Has the Parliament gone mad? She was not prepared for these restrictions. She and Uncle Peter, working late at night, fashioned language for the charter that would eject the Lusignans from England. The necessity of this is clear to her: Although Henry cannot—or will not—admit it, William de Valence and his brothers have caused nothing but harm. William has alienated Simon, whom, as she suspected, is proving to be a formidable foe. Although still waiting to be appointed archbishop of Westminster, Aymer acts as though he were king of the world, attacking anyone who challenges him. But Henry shrugs off every complaint.

He is blind where his brothers are concerned. He denies they are influencing Edward against her.
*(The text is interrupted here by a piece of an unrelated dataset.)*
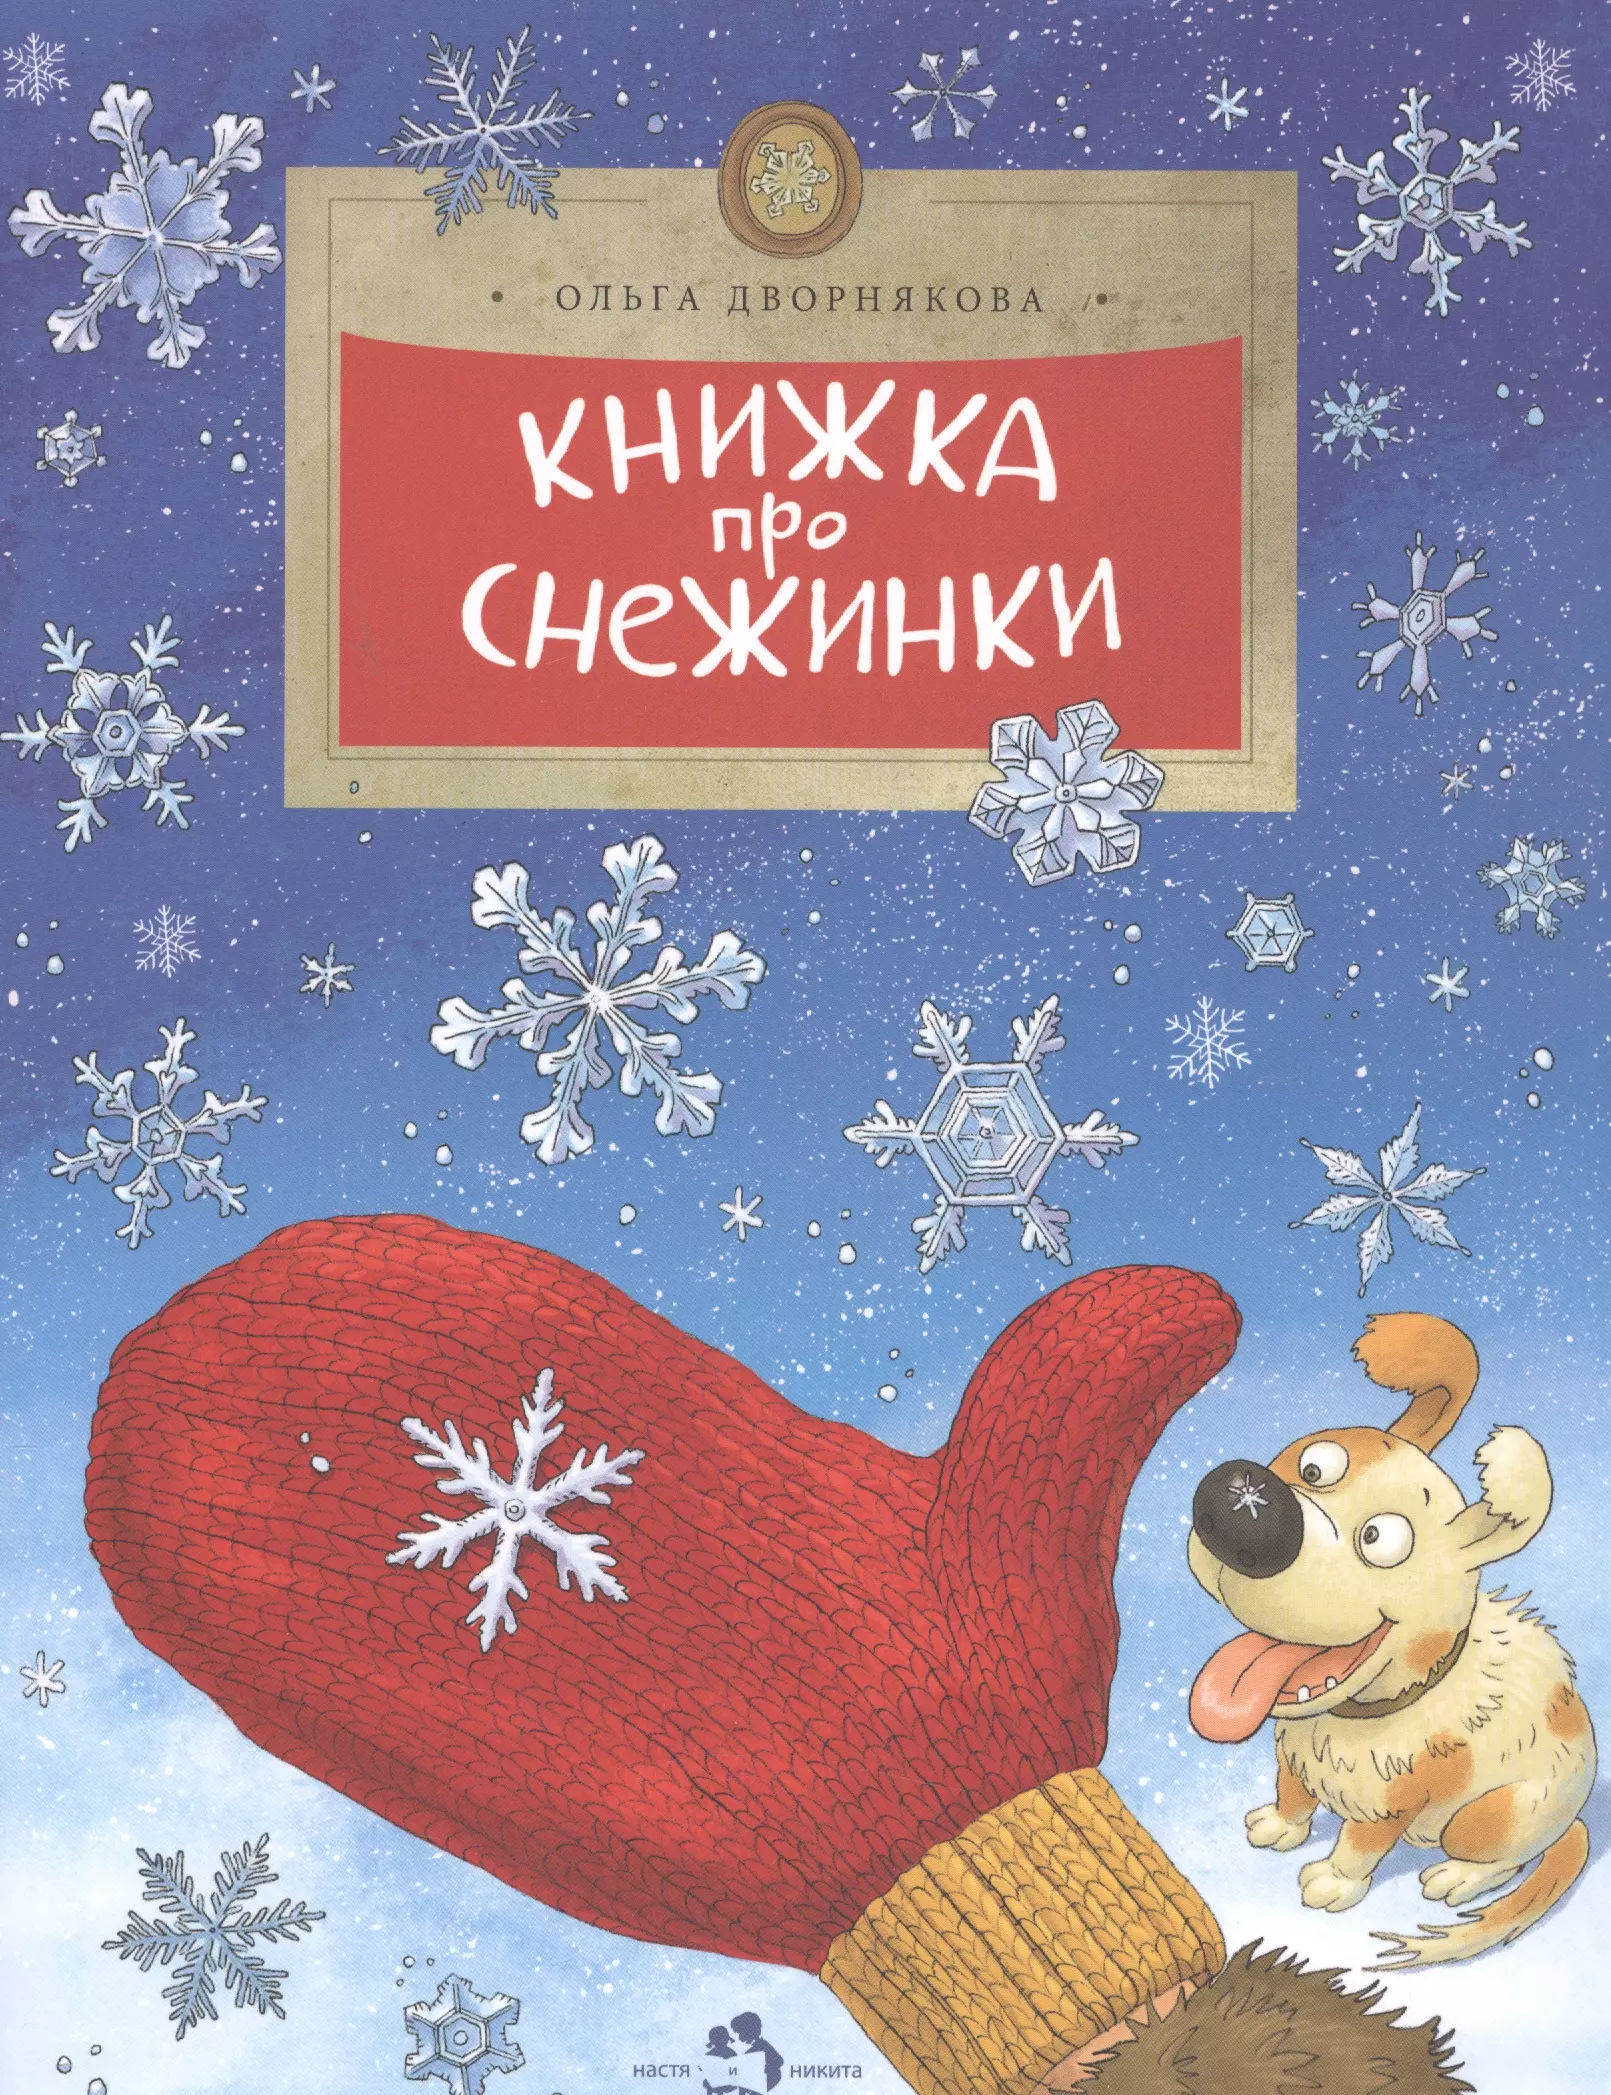 Дворнякова Ольга Викторовна - Книжка про снежинки (6+)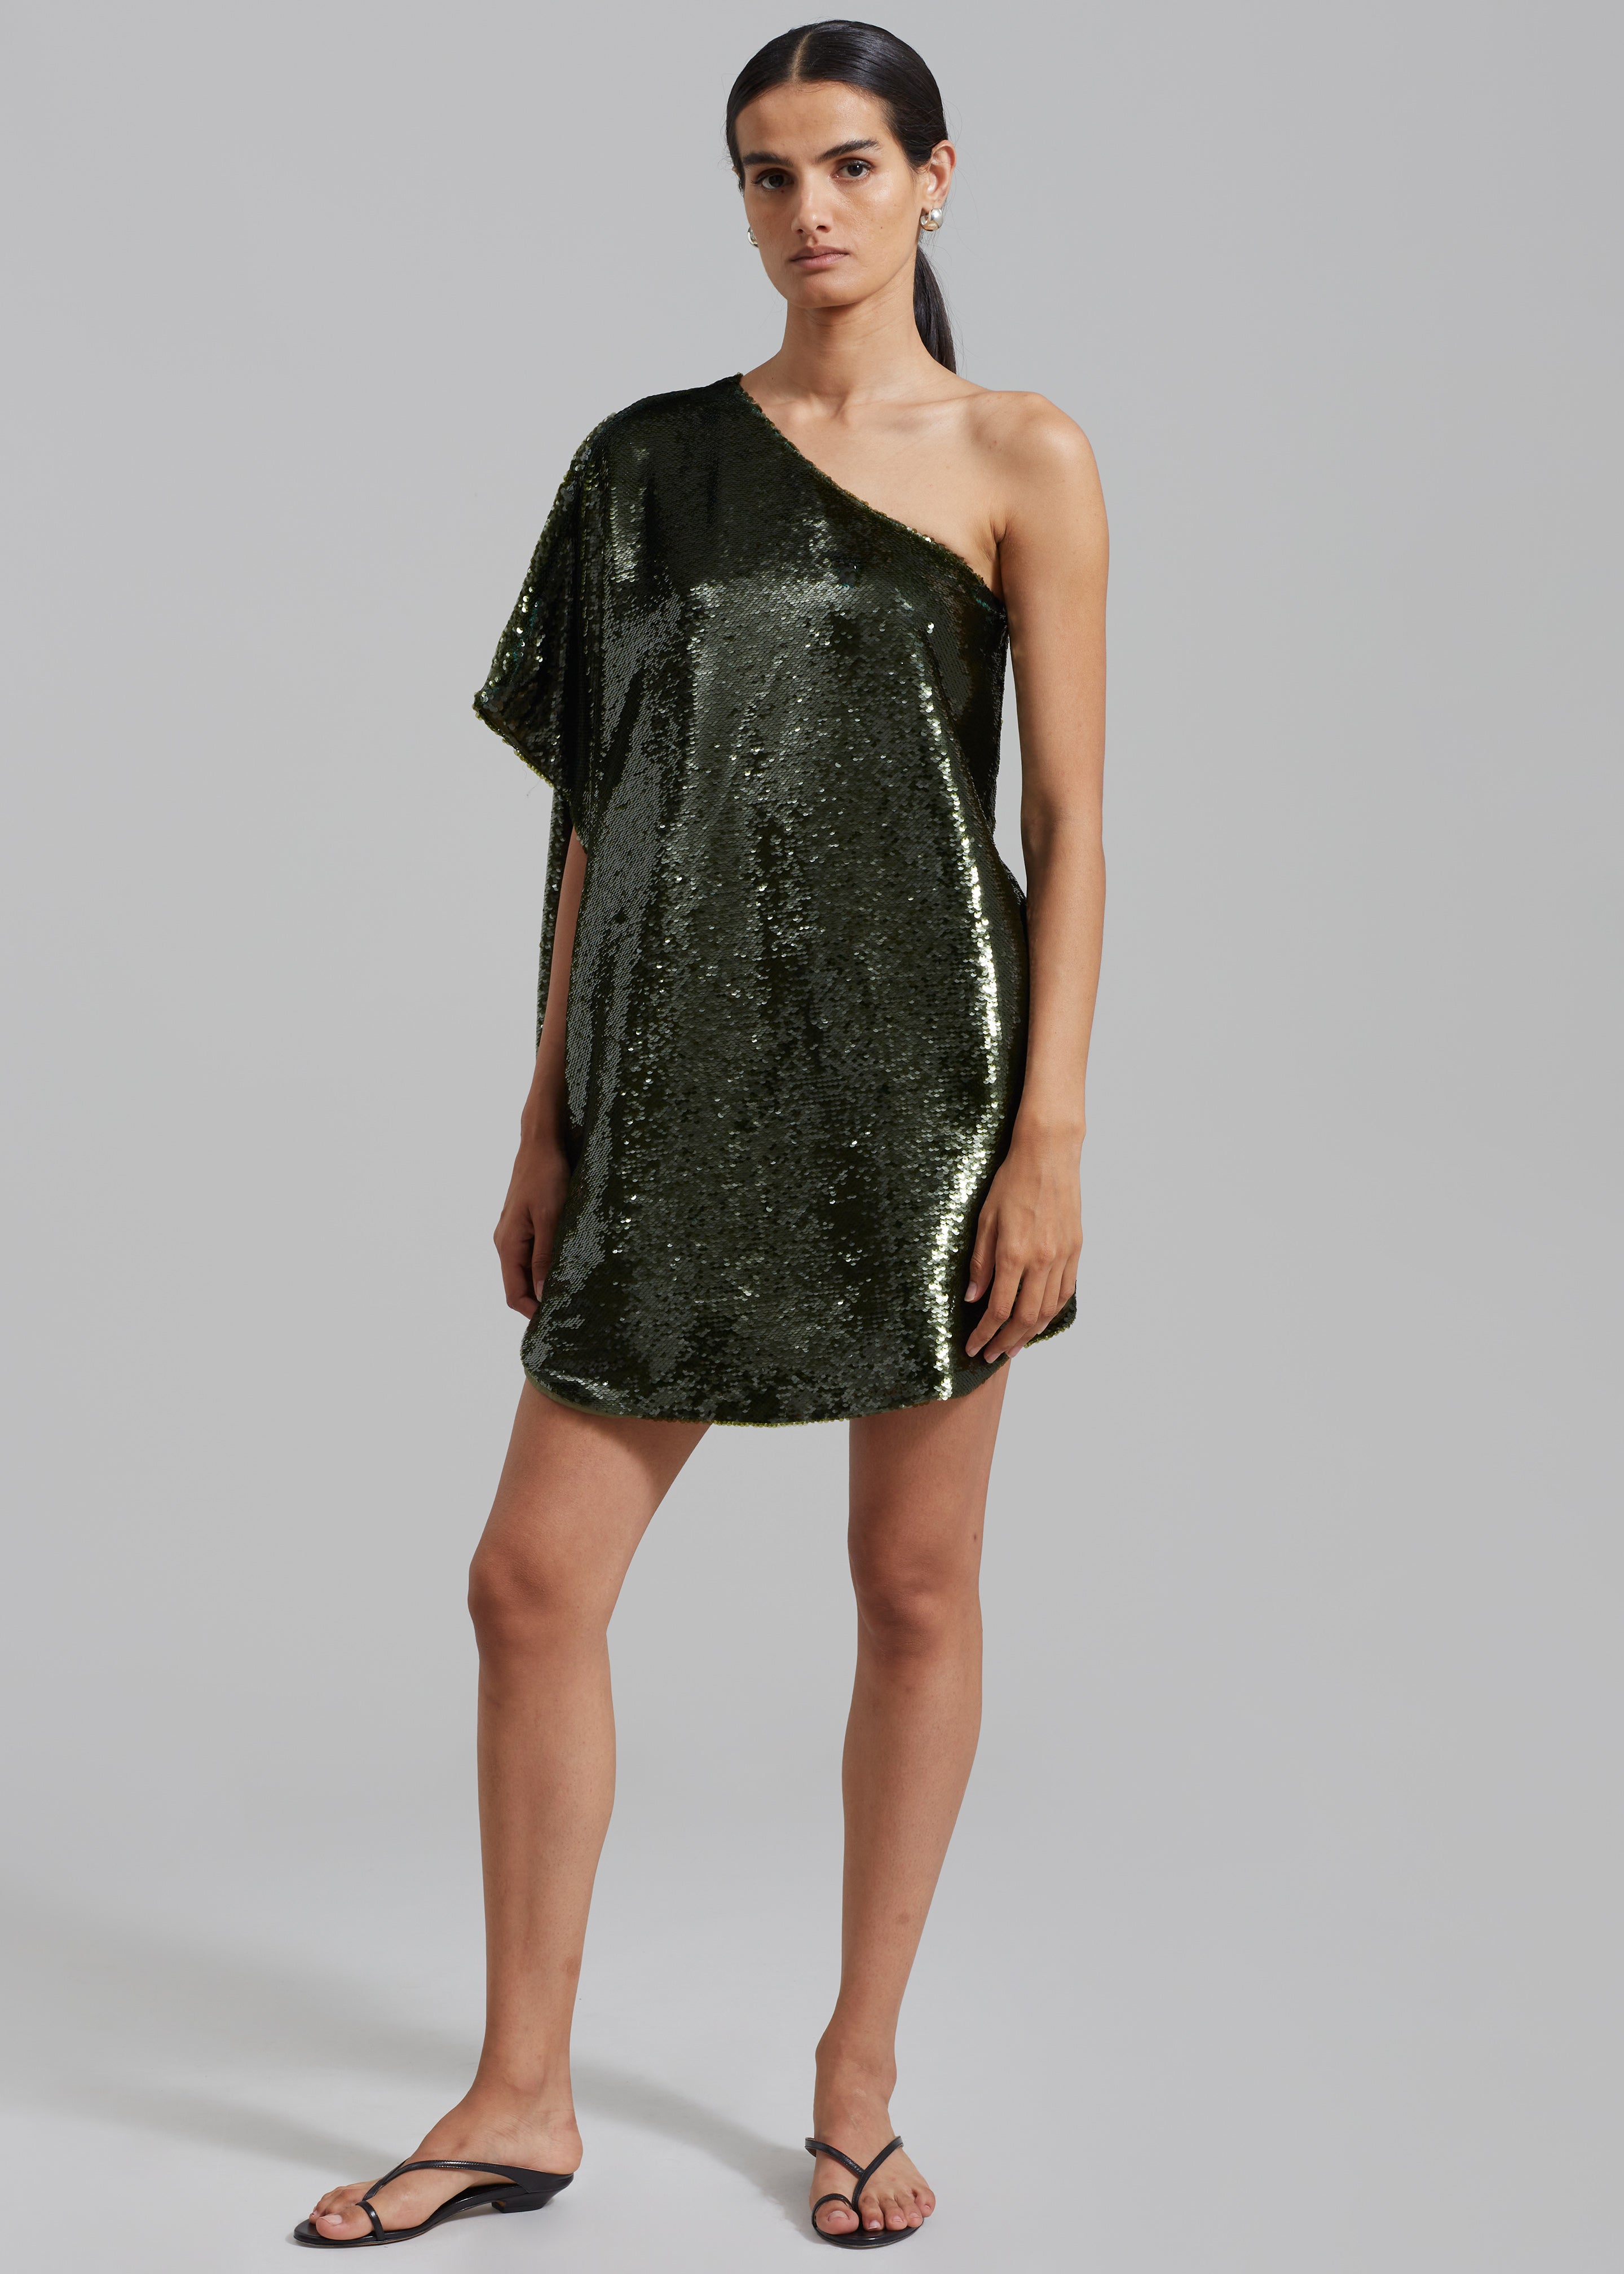 Gloria Sequins One Shoulder Dress - Olive - 2

I thought a mother loved her eldest child the most,
William said in his sneering tone. And in front of Edward, in front of everyone! As if, with Isabella of Angoulême for a mother, he knew anything about a mother’s love. Yet his tactics are succeeding. Edward has become sullen toward her, and he argues more and more vehemently with Henry. The Lusignans must go, and soon.

With these new demands attached to the charter, however, Eléonore wonders if she and Peter have betrayed the Crown. Henry is so angry at Peter for joining the opposition that he will not speak to him. Eléonore dare not inform him of her uncle’s true motive, which is to rid her of the Lusignan problem. She feigns outrage, too, and keeps her distance from Uncle Peter—in public.